这话赢得许悠赞许的微笑,荀真不是因为资历浅被人诟病吗?那她正好把这凶险不太大的差事交给她办,想要获得众人认可,那最快的方法就是要有所建树,看来荀真是明白了她的用意,“金司制与温典制也要从旁协助一二,毕竟这不是掌制一个人的差事。”目光如矩地看了眼新上任的金司制,暗暗给她施压。
金司制忙不迭地点头,朝荀真看似温和鼓励地一笑,“尚工大人放心。”这能捞油水的差事被荀真夺去让她的心颇有不甘,但她是许悠提拔上来的,不能得罪了许悠才是正理。
温妮拍拍荀真的肩膀,给了个鼓励的眼神,对于这个妹妹,她一直是喜爱的。
可其他的人既作壁上观,同时也在私自掂量,荀真这人挺会左右逢源,一方面与七皇子关系暧昧,另一方面又是皇后亲封的掌级宫女,看来倒有两把刷子。
这个世界永远少不了的就是流言与嫉妒。
金司制离开时的脸色自然落在钟掌珍的眼里,忙追上前,“司制大人留步。”
“有何事?”金司制皱眉回头,一脸的不豫。
钟掌珍上前颇为同情地道:“属下也为司制大人不值,这回尚工大人真的是偏心得可以,居然这样为荀真铺路。”
金司制的眼里闪过一丝不满,但很快就恢复一片平静,这钟掌珍挑拨的伎俩实在不太高明,“钟掌珍可是言之差矣,荀掌制虽然年纪小,但尚工大人给的机会何尝不是考验呢?我们要做的不是落井下石,而是守望相助。
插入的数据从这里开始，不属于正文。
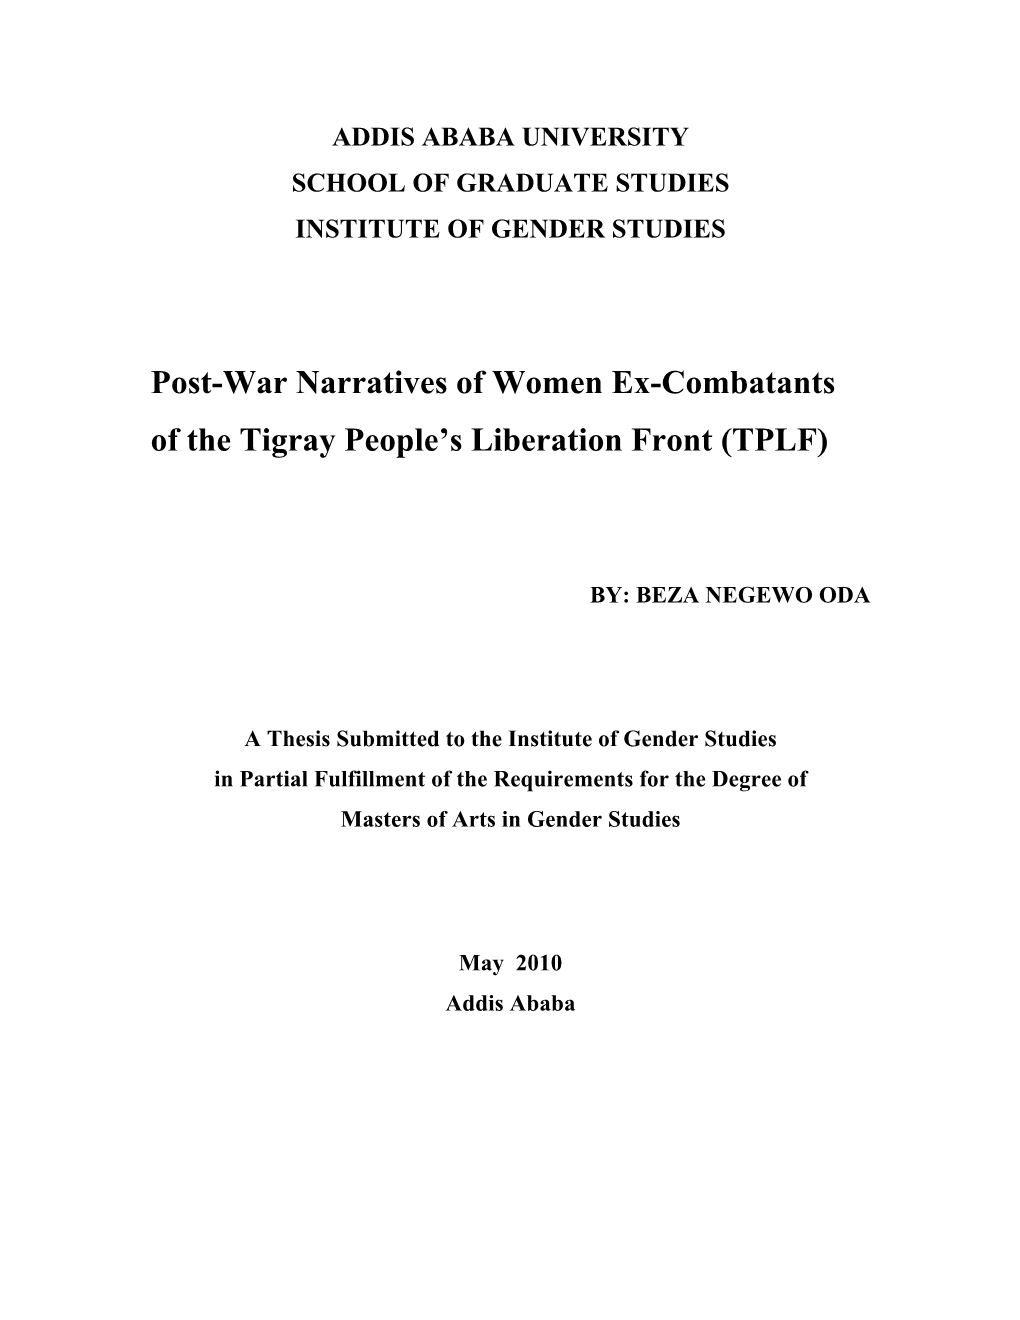 Post-War Narratives of Women Ex-Combatants of the Tigray People’S Liberation Front (TPLF)

”
钟掌珍错愕了,没想到这金司制却是这么一个态度,尴尬地笑了笑,“可不是吗?属下也是这个意思,只是这可是肥差啊,荀掌制看来要小发一笔横财呢。”
一个有意挑拨,一个看似四两拨千金,都各怀鬼胎。
荀真因为首次独当一面免不了要做功课,接连几天都忙得很。
吃了晚膳后,庄翠娥把资料搬进来的时候,正好看到她边嚼着一块饼边翻资料,不禁皱了皱眉,“掌制大人还是先歇一下把饭吃了,这样会搞垮身子的。”
荀真头也没抬地道:“要看得还很多,庄姨,不碍事。”
钱芳儿把资料搁在案桌上,拿开荀真手边的资料,“掌制大人,拼命也不是这样的。”
荀真这才无奈的一笑,以最快的速度吃完了晚膳,叹息了一声,“我没有想到布料上还有这么多的文章可做,平日我的了解还是太少了。”
庄翠娥一面给她翻资料一面道:“绫罗绸缎那是最笼统的称呼,还有纱、绉、绡、呢、葛等布料,掌制大人认为该采用什么布料为妥呢?”两眼紧盯着荀真看。
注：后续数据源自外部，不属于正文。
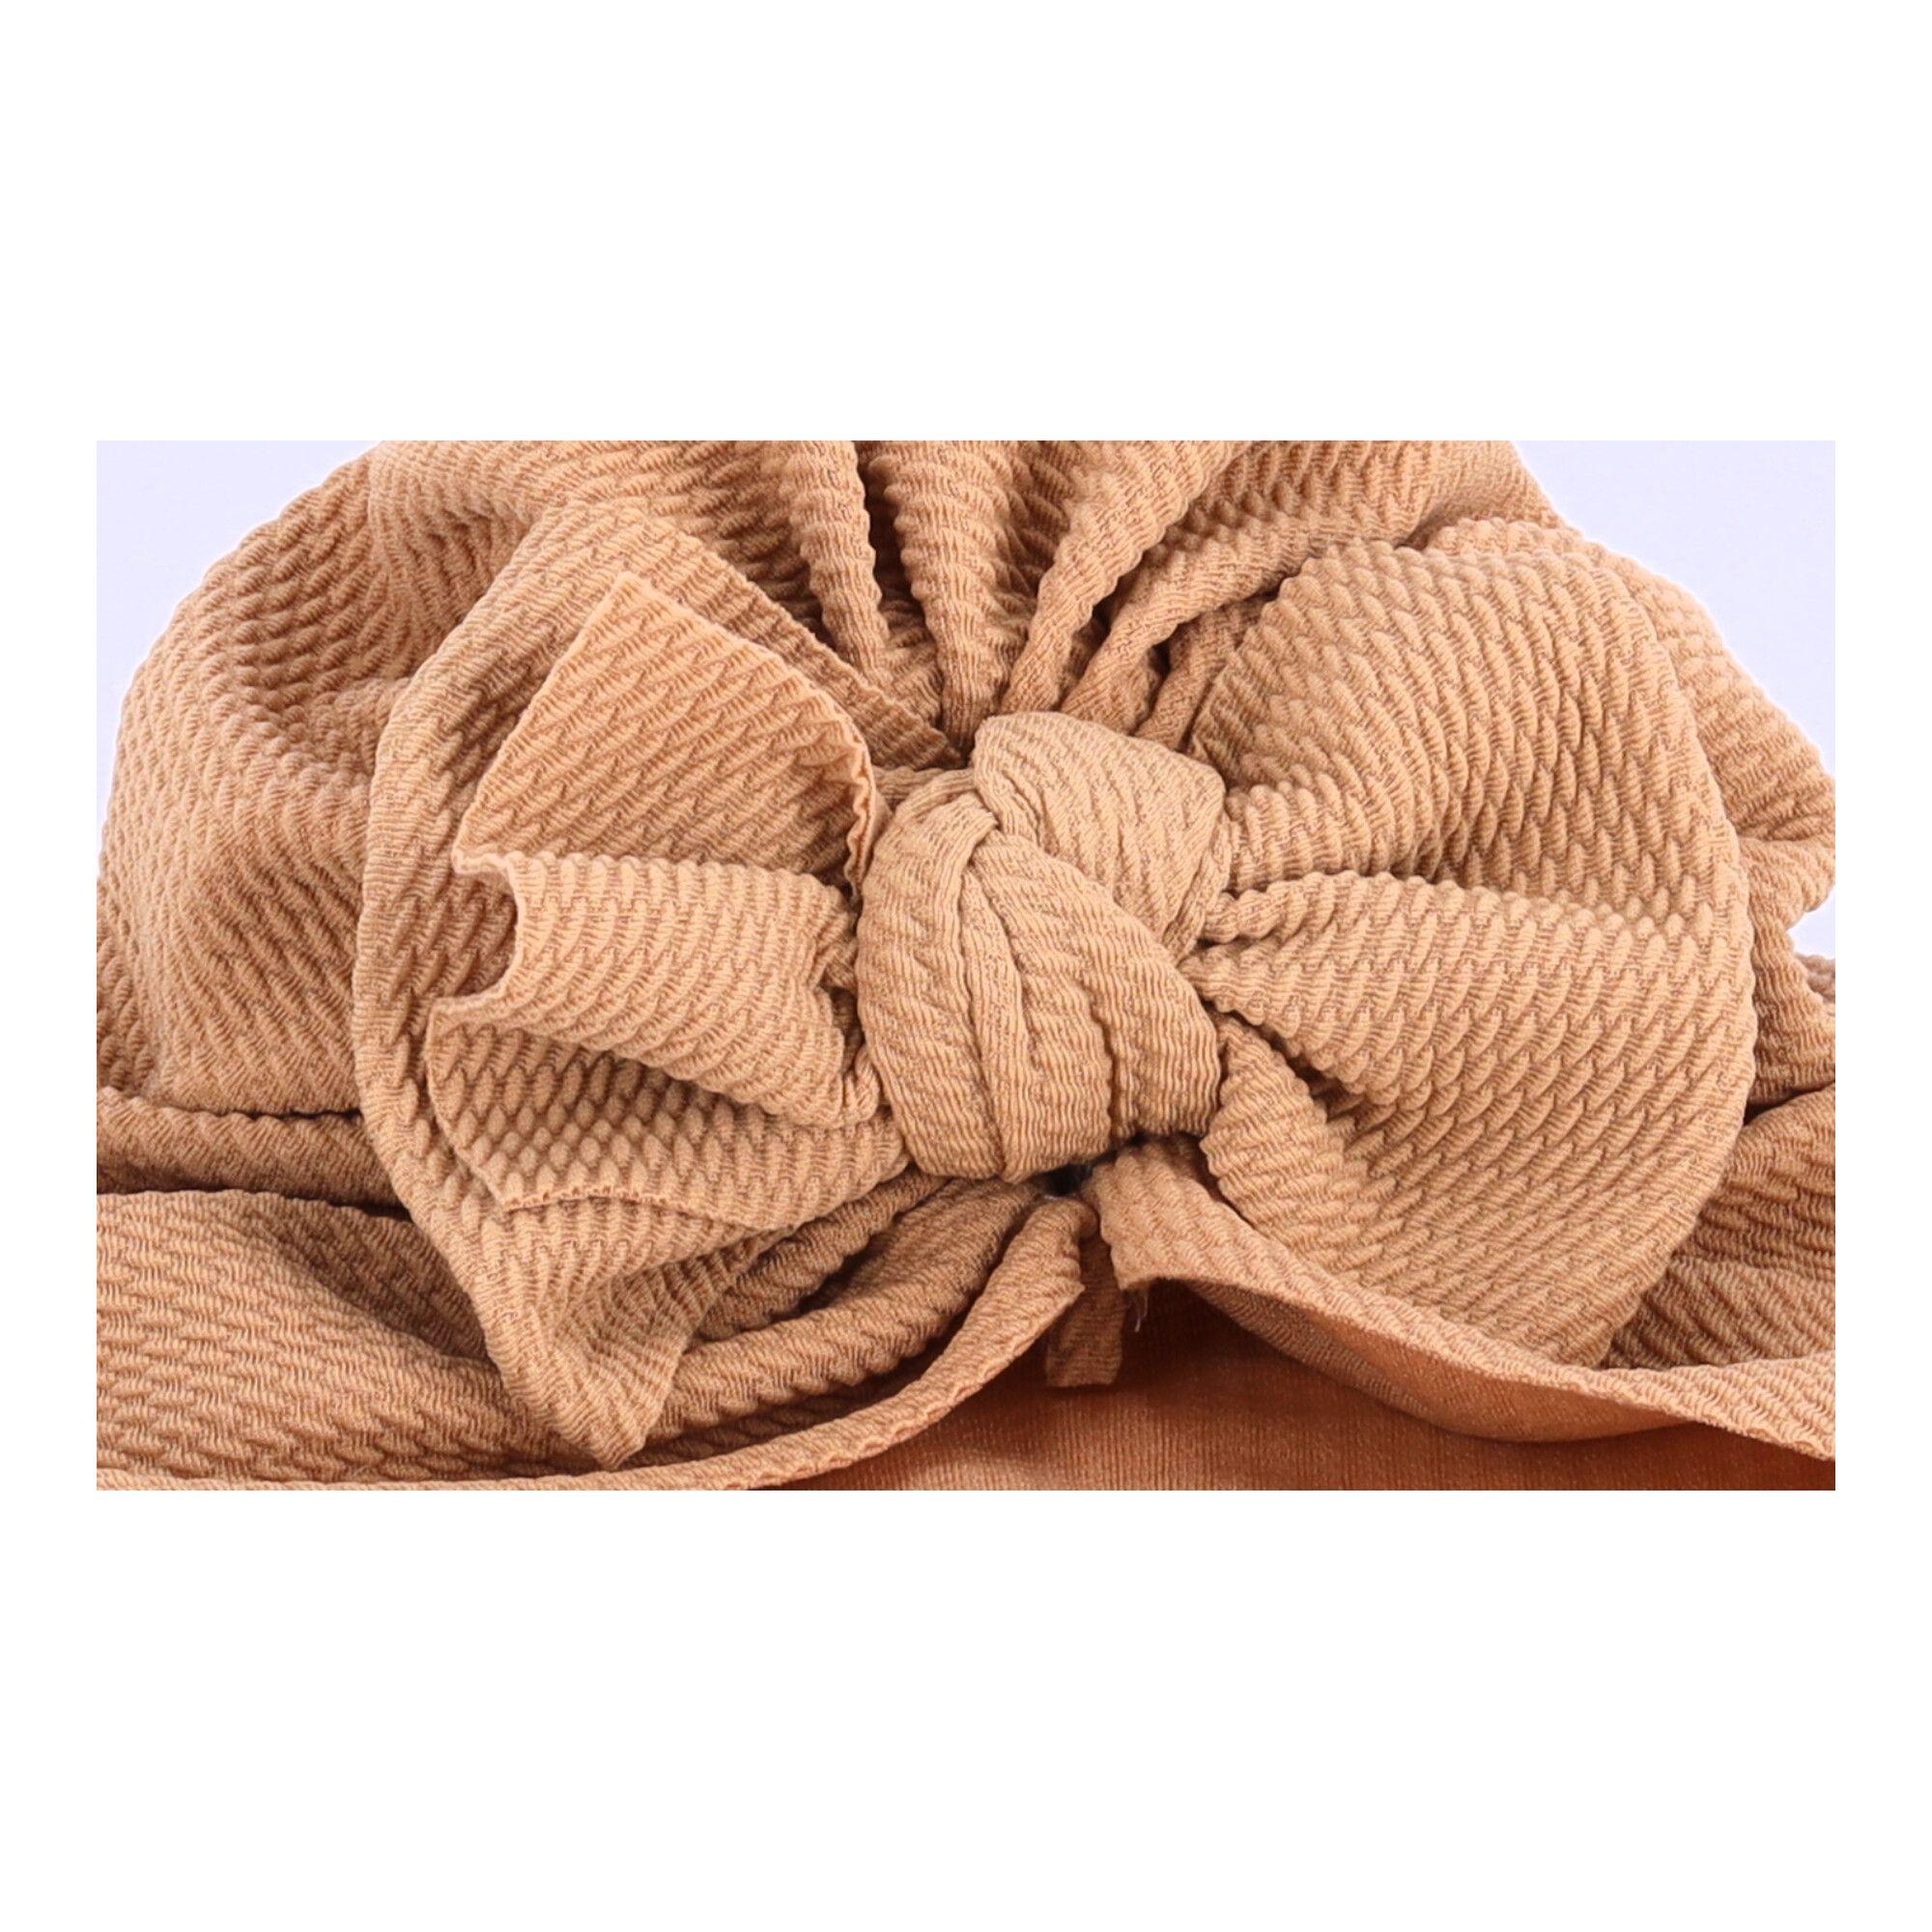 Baby turban with a bow, girl's hat - brown

荀真皱了皱眉,“宫女的等级有区分,各阶层使用的布料不尽相同,除了少量的有品阶宫女及妃嫔身边的贴身宫女采用缎面之外,我打算改一改往年使用棉布的惯例,冬衣使用葛布也是不错的选择,此布料质地厚实,倒是很适合底层的宫女劳作穿用,对于她们来说,不易磨损的布料就是最好的。”
庄翠娥原本只是随口问问,但没想到荀真却是这么快就有主见了,脸上的笑容顿时放大,“掌制大人果然能独当一面,也不怪尚工大人对您如此偏爱。”她的语气是羡慕的。
“庄姨说什么呢?还不是你在一旁悉心指导的缘故,只是我尚有疑问,魏家是皇商,为什么宫女的布料不是由他们进贡呢?这样岂不是省事许多?”荀真问道。
“属下这算什么,掌制大人明天与内侍省主管采办的总管太监交涉也是不能掉以轻心,他看您年纪小免不了会起了轻视之心。”庄翠娥笑道,“就正因为魏家是皇商,总要留点残羹剩饭给别人吃啊,不过这个差事能赚的利润并不大,魏家因此不太上心。”
荀真点点头,宫里的人能给出的价格会压得很低,但是胜在数量大,所以也有不少人想要竞争,伸了个懒腰,然后又低头查阅资料,不但要把式样弄出来,还要大致需要的布匹数也得统计出来,这倒是个繁琐活。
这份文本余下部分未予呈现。